At this point, we got Microsoft involved, and the first engineer we talked to had us reinstall Windows to a new directory, join as a member server, and promote to a domain controller, copying the AD from one of our other DCs. That worked fine until we rebooted after running DCPROMO. Same lsass error before a login screen, no joy on the DS restore password (which, by the way, we took great care to make we had correct). We're going a little nuts by now, of course. So we reinstalled Windows yet again, and this time, we got an lsass error on reboot before we ever promoted to a DC. So, the engineer concluded that the SAM database on every reinstall was getting corrupted, which was crapping out our passwords. So, he recommended that we reinstall long enough to get the data off the server (we had a backup from Thursday night, but there had been significant work and e-mail activity done on Friday before the power failure that we didn't want to lose).

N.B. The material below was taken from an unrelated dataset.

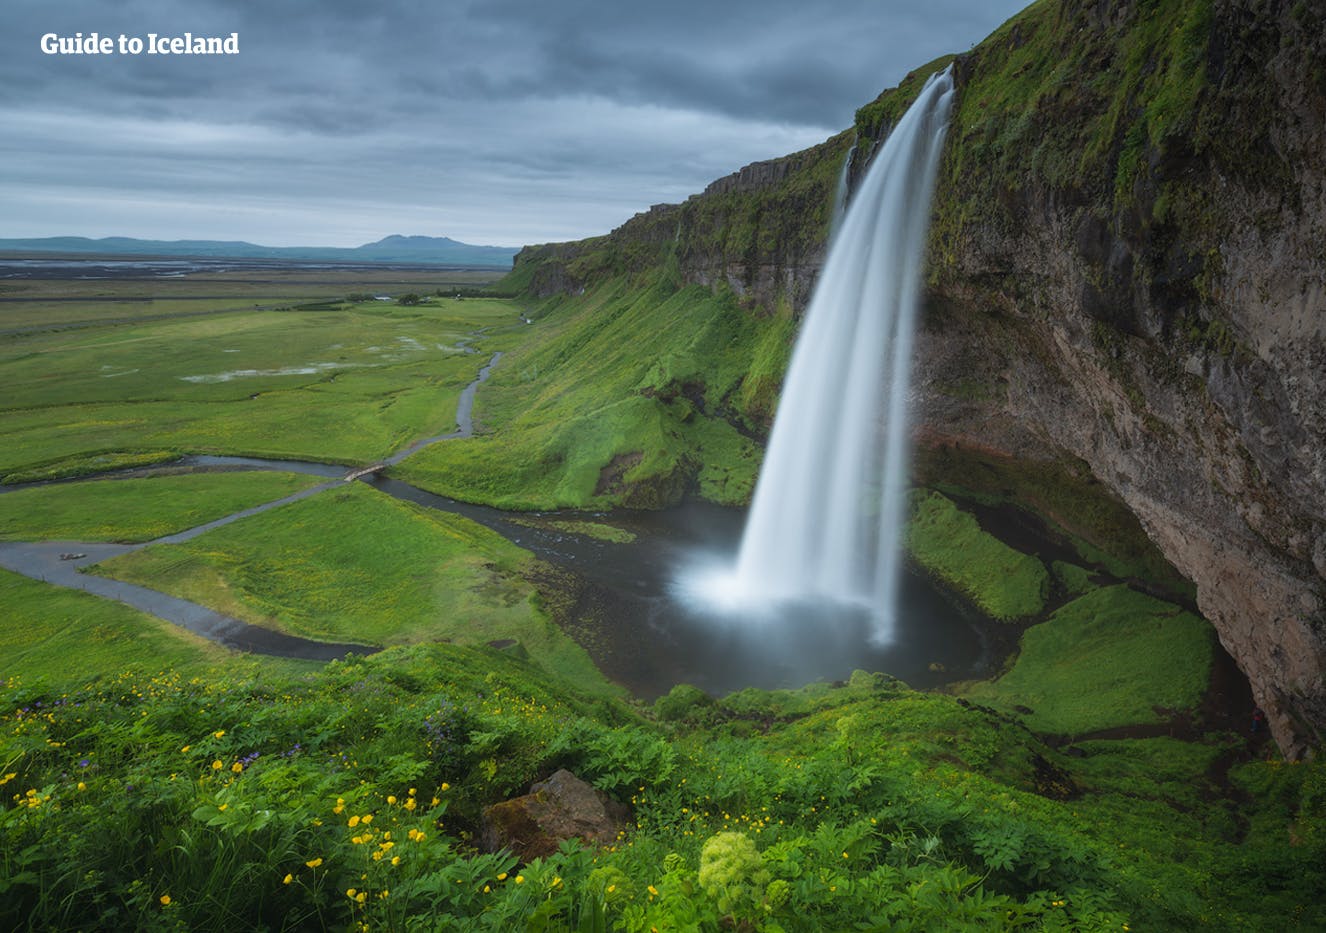 Południowe wybrzeże Islandii pokryte jest licznymi pięknymi wodospadami.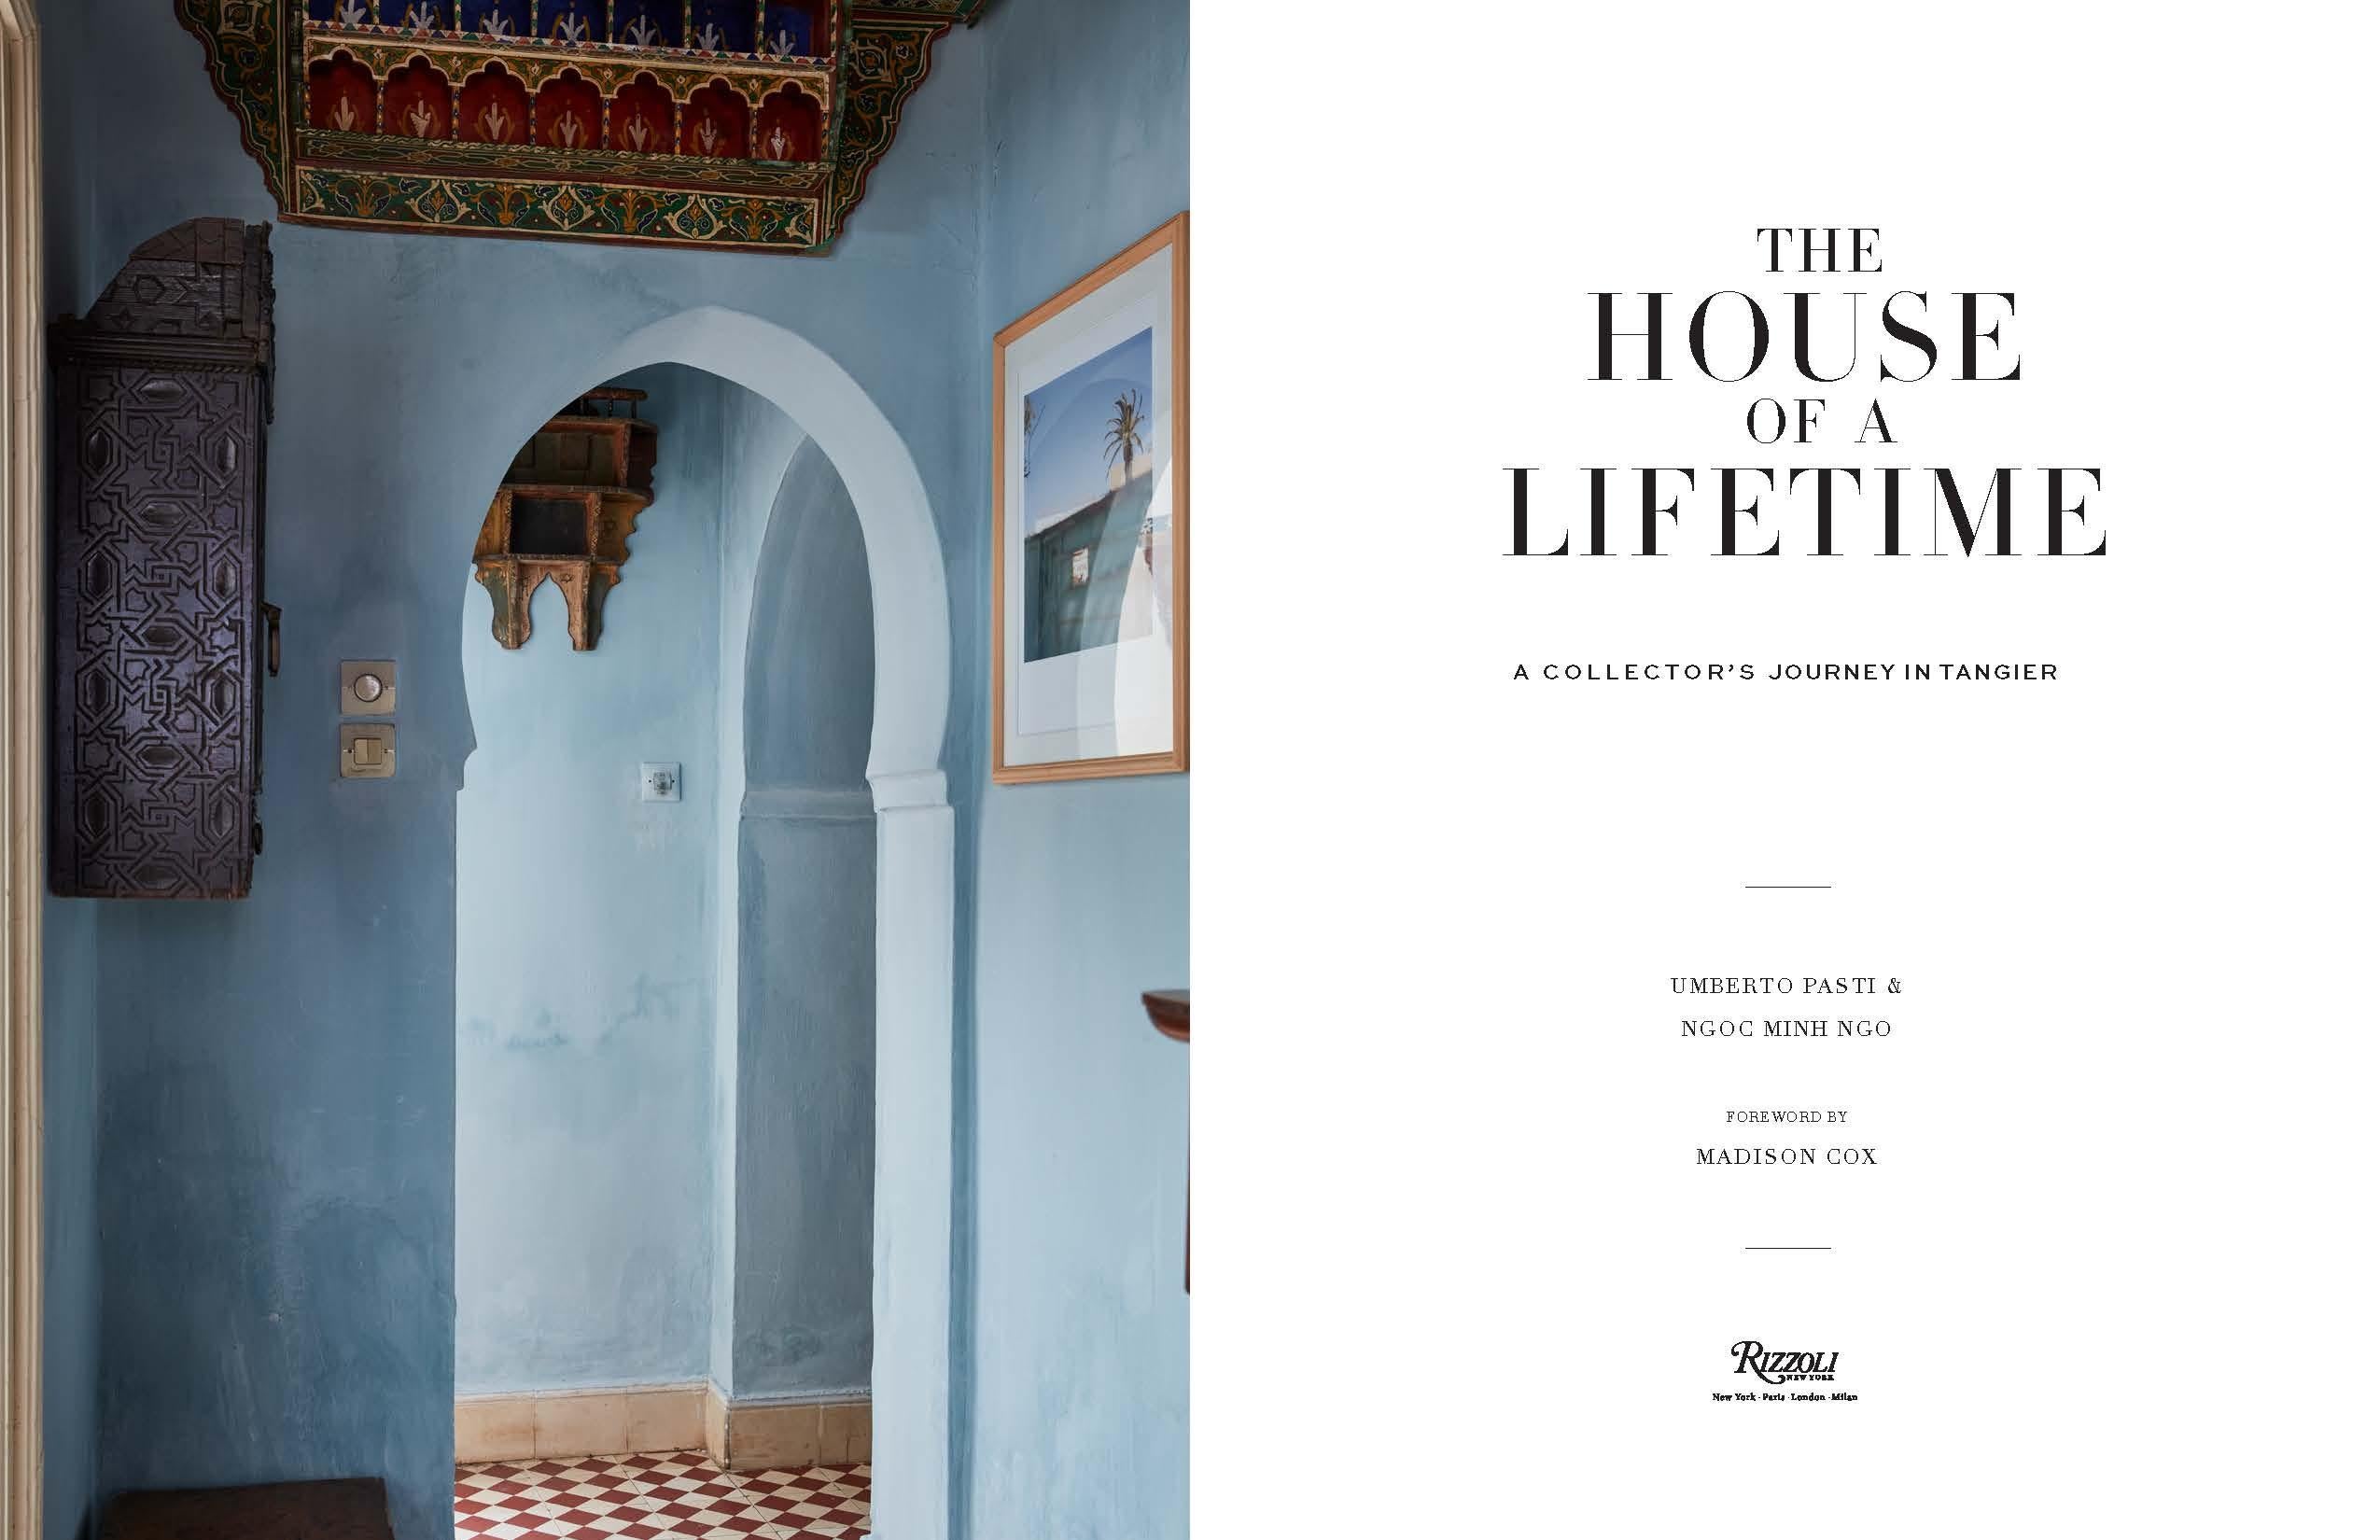 Autor Umberto Pasti und Ngoc Minh Ngo, Vorwort von Madison COX

Ein fotografischer Rundgang durch eine außergewöhnliche Villa in Tanger mit besonderem Augenmerk auf die museumswürdigen Sammlungen marokkanischer Kunstwerke und

Since this is a RAID 5 server, he thought we should blow away the containers, rebuild them and reinstall W2K from scratch. He said we had either hardware failure or a nasty boot sector virus. If it was a virus, the rebuild and reformat would take care of it. If is was hardware, it would manifest itself again, and then we could the manufacturer involved.
Fine. But here's the weird part. Our own virus scanner (up-to-date signature files) had found nothing before the crash, and a run of trendmicro's housecall off the web revealed nothing either. Once we rebuilt the containers and started over, though, everything worked perfectly. No fuss, no muss. We got all the exchange data back on Sunday, had most of the important files copied over Sunday night, and were back up and running as an organization Monday. It's been perfect since. It's hard to explain, but the server just "feels" better now. Response time from clients seems to be better, the console to the server itself is more responsive.

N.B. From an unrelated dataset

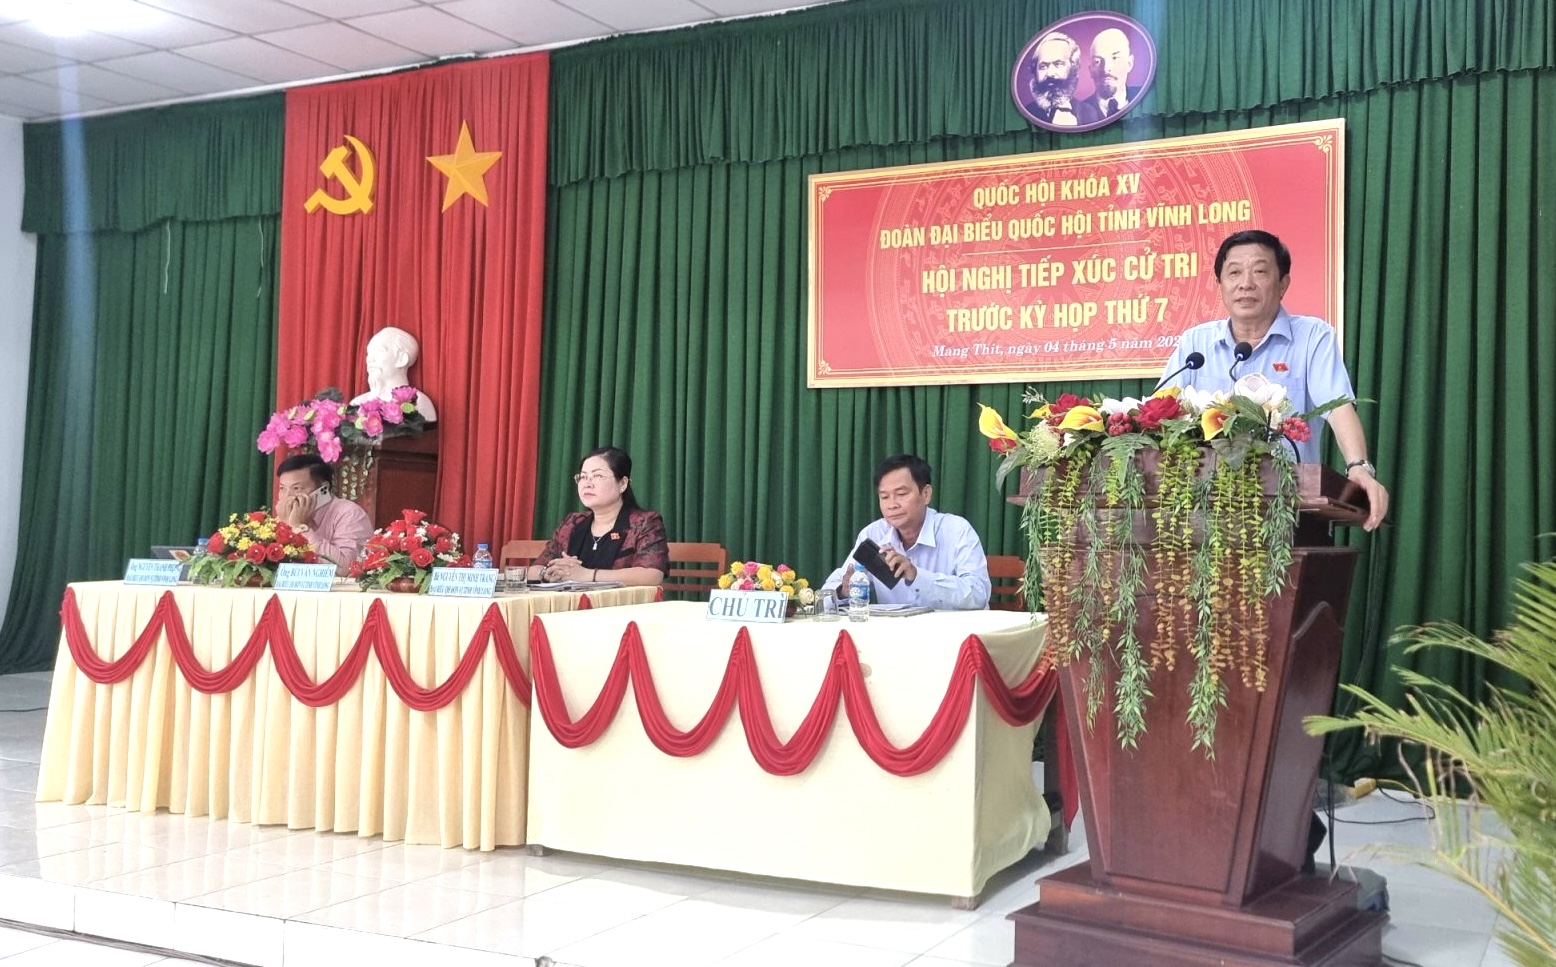 Đoàn Đại biểu Quốc hội đơn vị tỉnh Vĩnh Long tiếp xúc cử tri tại huyện Mang Thít.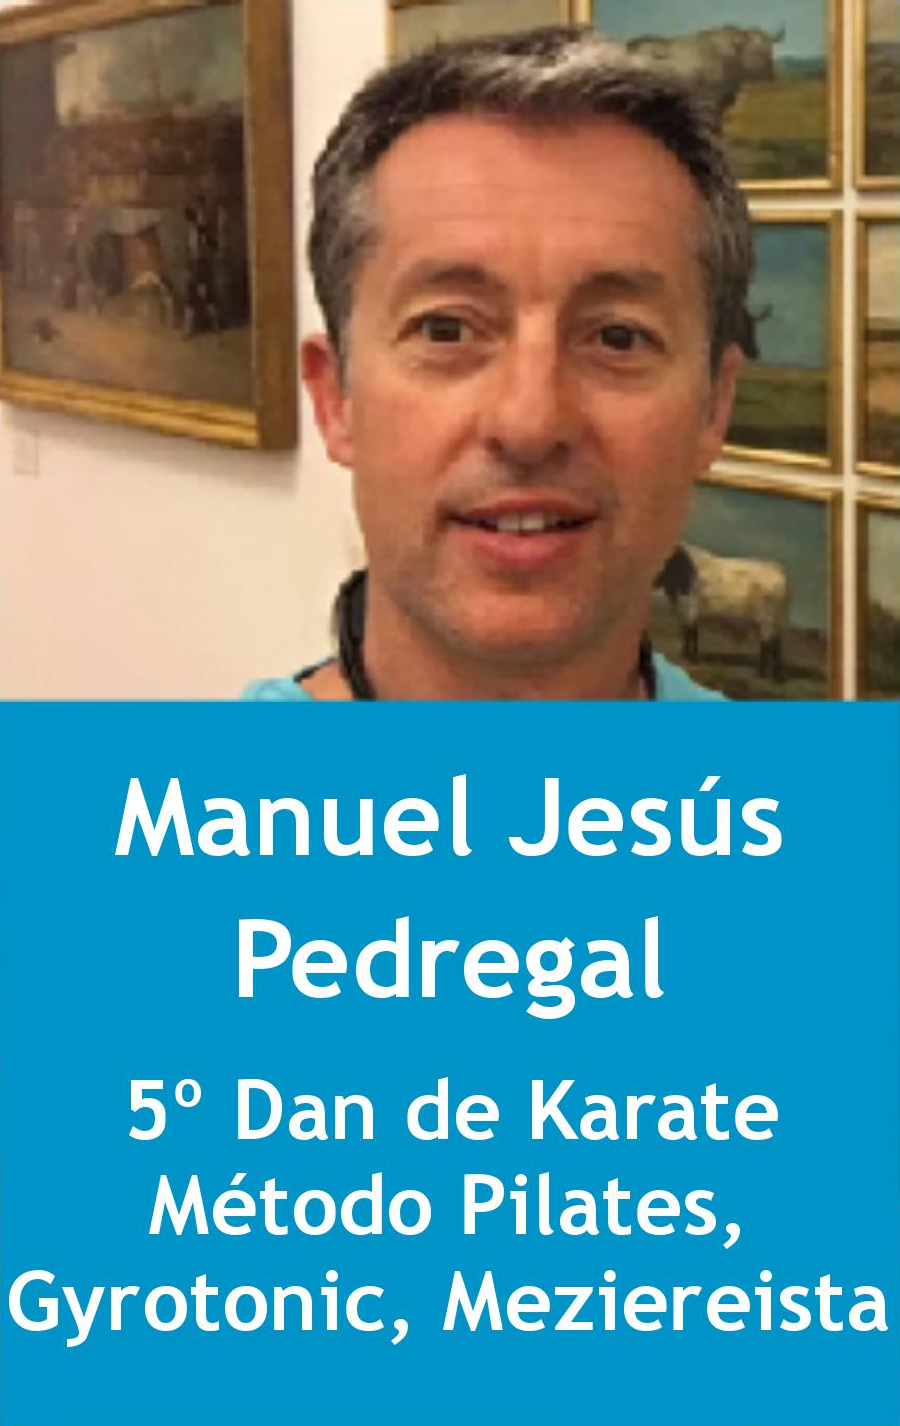 Manuel Jesús Pedregal Canga

So my question now is, what happened? I was under the impression that boot sector viruses could only be propogated via floppy, and we keep our servers in a locked room to which I only have a key. We run CA's eTrust virus scan and it never saw a thing. I really doubt that's what it was. But if it's hardware, am I just waiting for the other shoe to drop now, or could there have been some sort of hiccup in the initial build of the containers 19 months ago that just deteriorated over time? If anyone has seen a similar problem, I'd love to hear their thoughts. Me: We need a better backup system.
My boss's boss: Backup? We don't need no stinkin' backup!